“Well, I knew him one day. I went to see a swimming meet. He was a strong swimmer, right?”
She cried harder. “Yes.”
I told her how I had gone to a swim meet with some friends to cheer on one of our friends and how I had remembered seeing her boyfriend. I admired his strong shoulders and chest, and how I had recalled how cute he had been and remembered his name since he had won the meet. It was a single memory from one day that I hadn’t thought about in seventeen years until this moment.
We sat there staring at each other not knowing what to make of our meeting.
“Did Aunt Sarah know this when she met you?”
Aunt Sarah had been standing near the door and walked up to Katy to ask her how she had known Matt. Katy told her that she had come with a friend of Matt’s, and that she had never known him, but that she had lost her boyfriend to the same tragedy. I wondered what the message was to be in our meeting, but instead just sat with Katy holding her hand while we cried together.

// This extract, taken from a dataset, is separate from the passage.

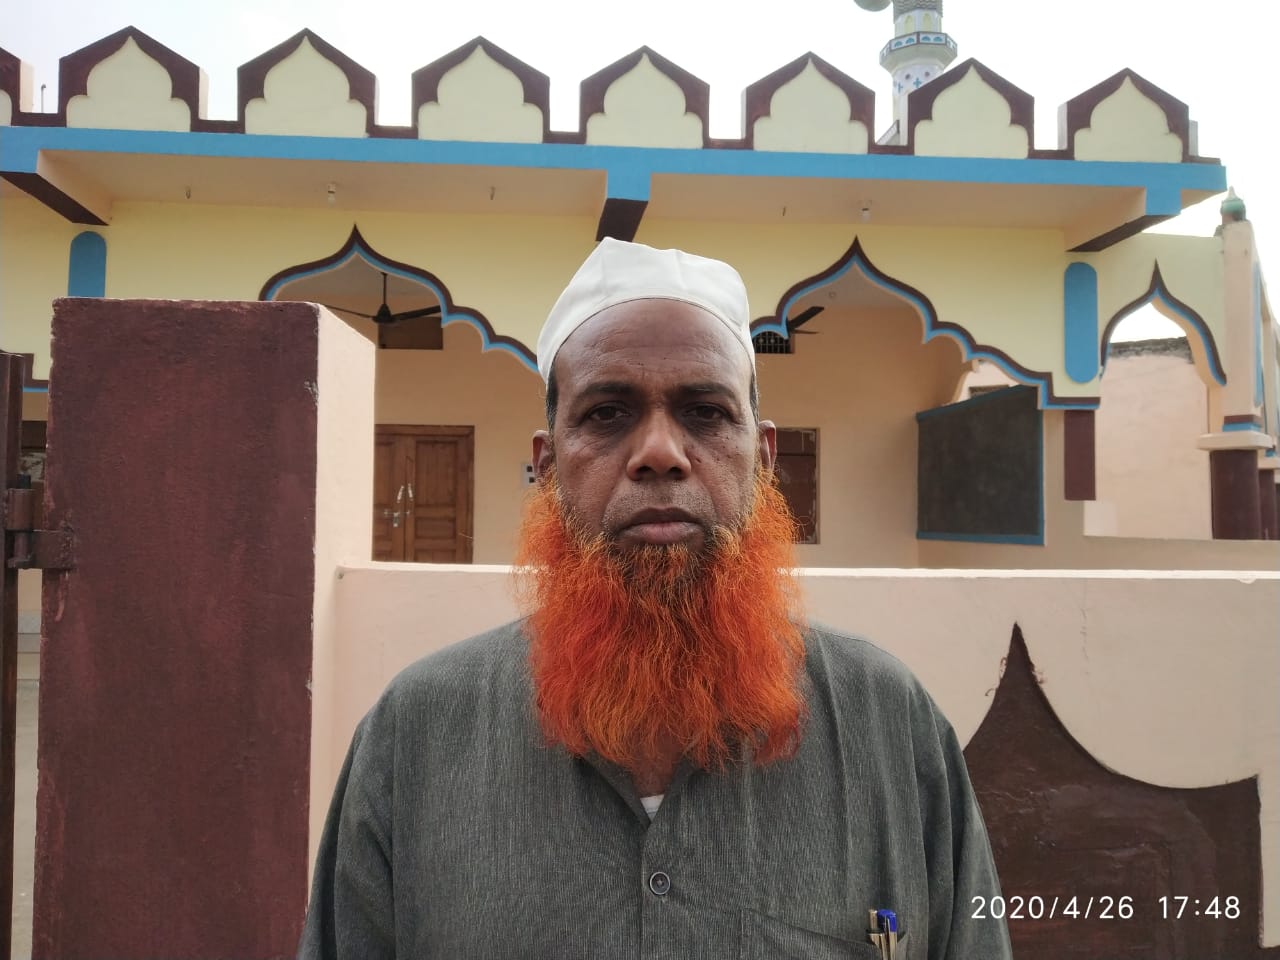 मुस्लिम समाज कोरोना संक्रमण को लेकर नियमों का पालन करें: हाफिज सईद अहमद | New India Times

Matt’s business partner got on the microphone to help wipe away some of the devastation. We sat listening to friends and strangers do their recollections on what they remembered most about Matt. One new friend of mine, a man who had lost his daughter to suicide years before, had told me to ask one friend to be within arms reach of me throughout the service. He had told me that I would need it. As I sat there listening to these people’s stories about Matt, with my head spinning at the small miracles that had already been placed before me at the service so far, there was my friend who I had appointed as the person I could reach for. She pulled a chair up next to me, put her hand on my leg, and whispered, “How are you doing?”
“You have no idea,” as I blew my nose and smiled.